Ein 20 Jahre alter Somalier steht derzeit in der Wünsdorfer Erstaufnahmeeinrichtung für Flüchtlinge unter besonderer Beobachtung. Gegen den Asylbewerber laufen verschiedene Ermittlungsverfahren, darunter wegen Körperverletzung und versuchter Vergewaltigung. Das brandenburgische Innenministerium bestätigt den Fall.

Im März 2015 war der Mann als minderjähriger Flüchtling nach Deutschland eingereist und hatte Asyl beantragt. Seitdem war er in mehreren Gemeinschaftsunterkünften untergebracht, wo er zahlreiche Straftaten beging. Im Oktober 2017 bedrohte er in Doberlug-Kirchhain stark alkoholisiert Mitbewohner mit dem Messer und beleidigte Sicherheitsleute und eine DRK-Mitarbeiterin, die sich ihm in den Weg stellten.

Mehrere Monate abgetaucht

Nach dem Vorfall tauchte er für mehrere Monate ab und meldete sich im Mai dieses Jahres in der Erstaufnahmeeinrichtung in Eisenhüttenstadt. Am 28. Mai versuchte er, eine DRK-Mitarbeiterin zu vergewaltigen. Wachleute konnten den Mann von seiner Tat abhalten. Kurz darauf verletzte er eine Reinigungskraft.

Nach dem Vorfall wurde der Mann in die Erstaufnahmeeinrichtung nach Wünsdorf verlegt, wo er rund um die Uhr beobachtet wird. „Wir haben mehr als zwei Augen auf ihn“, sagt Ingo Decker, der Sprecher des Brandenburger Innenministeriums. Mehrere Wachschutzmitarbeiter beobachteten den Mann permanent, auch die Polizeiinspektion Teltow-Fläming habe einen Hinweis erhalten und stehe in ständigem Kontakt mit der Einrichtung.

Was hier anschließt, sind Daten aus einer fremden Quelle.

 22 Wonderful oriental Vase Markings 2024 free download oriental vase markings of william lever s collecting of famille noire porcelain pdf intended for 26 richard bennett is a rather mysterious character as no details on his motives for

Staatsanwaltschaft sieht keinen Anlass für Untersuchungshaft

Anlass für eine Untersuchungshaft gibt es laut Staatsanwaltschaft Frankfurt (Oder) nicht. Die Behörde hatte verfügt, den Mann nach der versuchten Vergewaltigung aus der Haft zu entlassen. „Es gibt keinen dringenden Tatverdacht für eine versuchte Vergewaltigung“, sagt Staatsanwalt Ingo Kechichian. Es gebe Hinweise, dass der Mann kurz vorher von einer Vergewaltigung abgelassen hat. „Wir prüfen derzeit, ob ein sexueller Übergriff in Betracht kommt“, sagt Kechichian. Die Ermittlungen seien jedoch noch nicht abgeschlossen, da die Polizei noch nicht alle Zeugen gehört hat.

Der Somalier hat in seiner Zeit in Deutschland eine beachtliche Strafakte angehäuft: Körperverletzung, Diebstahl, Verstoß gegen das Betäubungsmittelgesetz, Schwarzfahren, Hausfriedensbruch. Der Fall ist offenbar so brisant, dass der Innenminister persönlich eingeweiht ist, heißt es aus dem Ministerium.

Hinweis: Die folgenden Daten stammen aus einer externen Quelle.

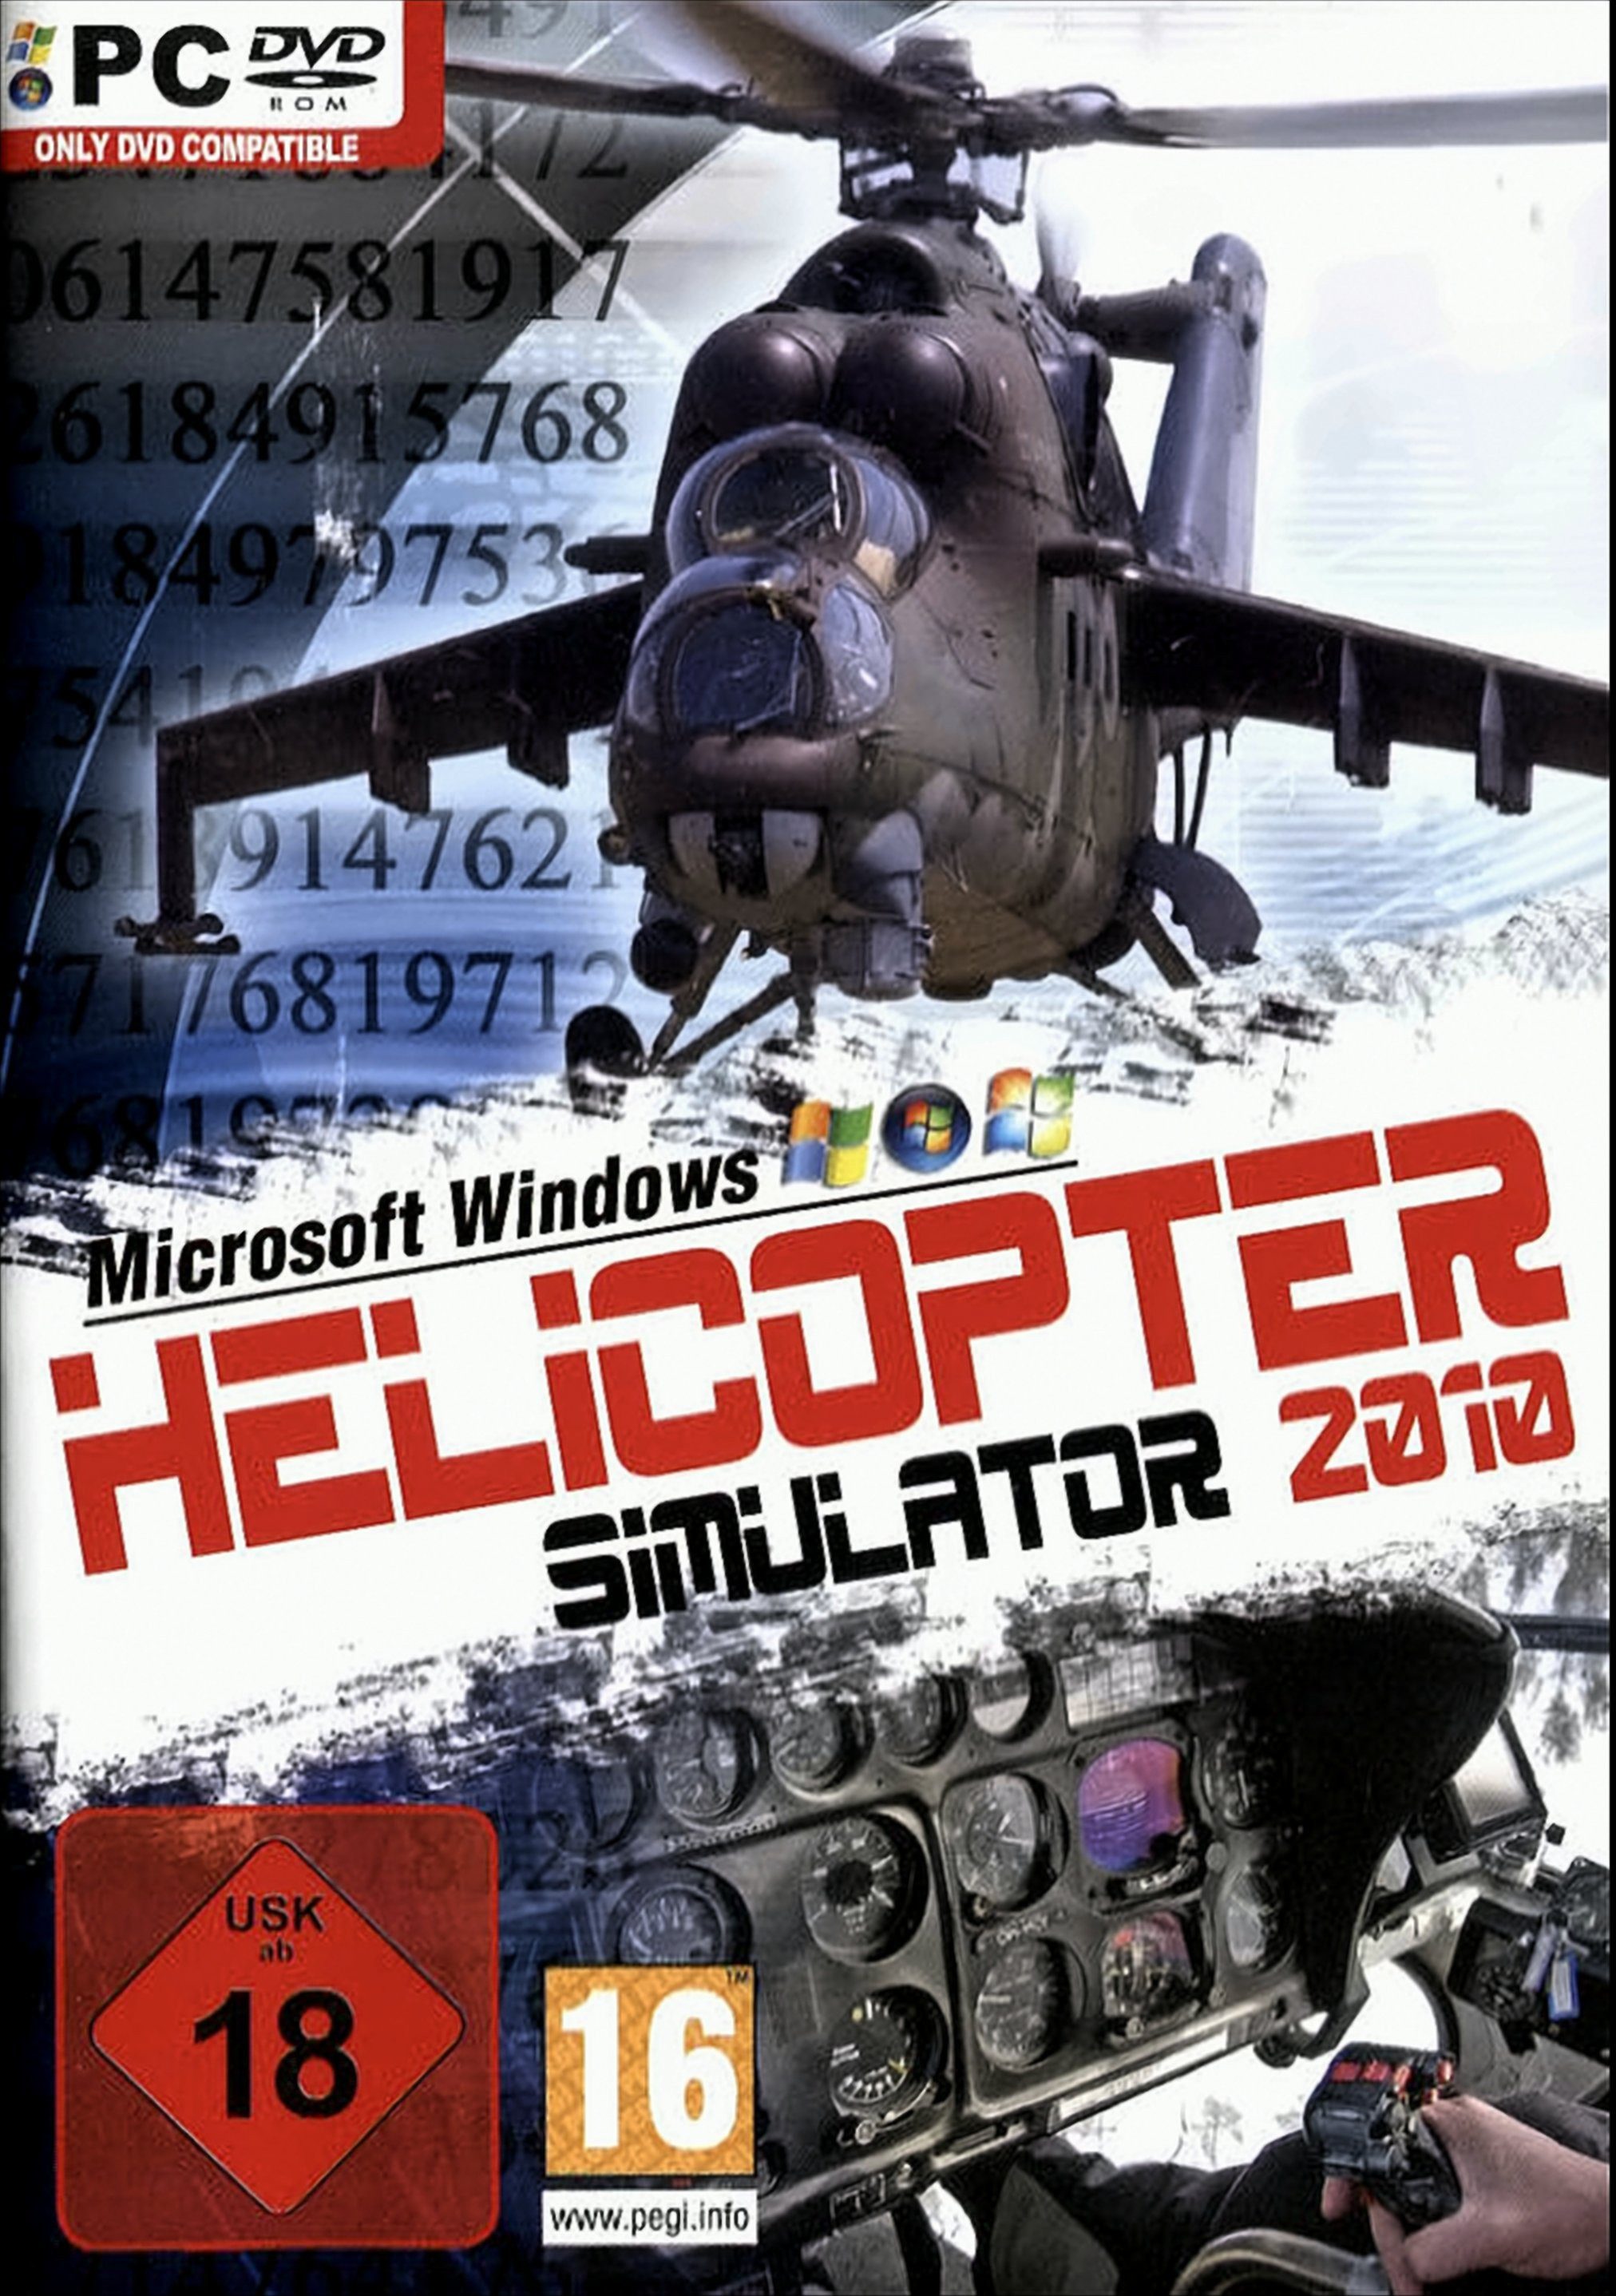 Helicopter Simulator 2010 PC

BAMF hat Asylantrag zweimal abgelehnt

Eine Abschiebung gestaltet sich schwierig. Bereits zwei Mal hatte der Somalier Antrag auf Asyl gestellt – beide Male erfolglos. Ein dritter Antrag liegt derzeit beim Bundesamt für Migration und Flüchtlinge (BAMF), das ein Abschiebeverbot verhängt hat. Dieses Verbot hatte die zentrale Ausländerbehörde des Landes versucht zu widerrufen.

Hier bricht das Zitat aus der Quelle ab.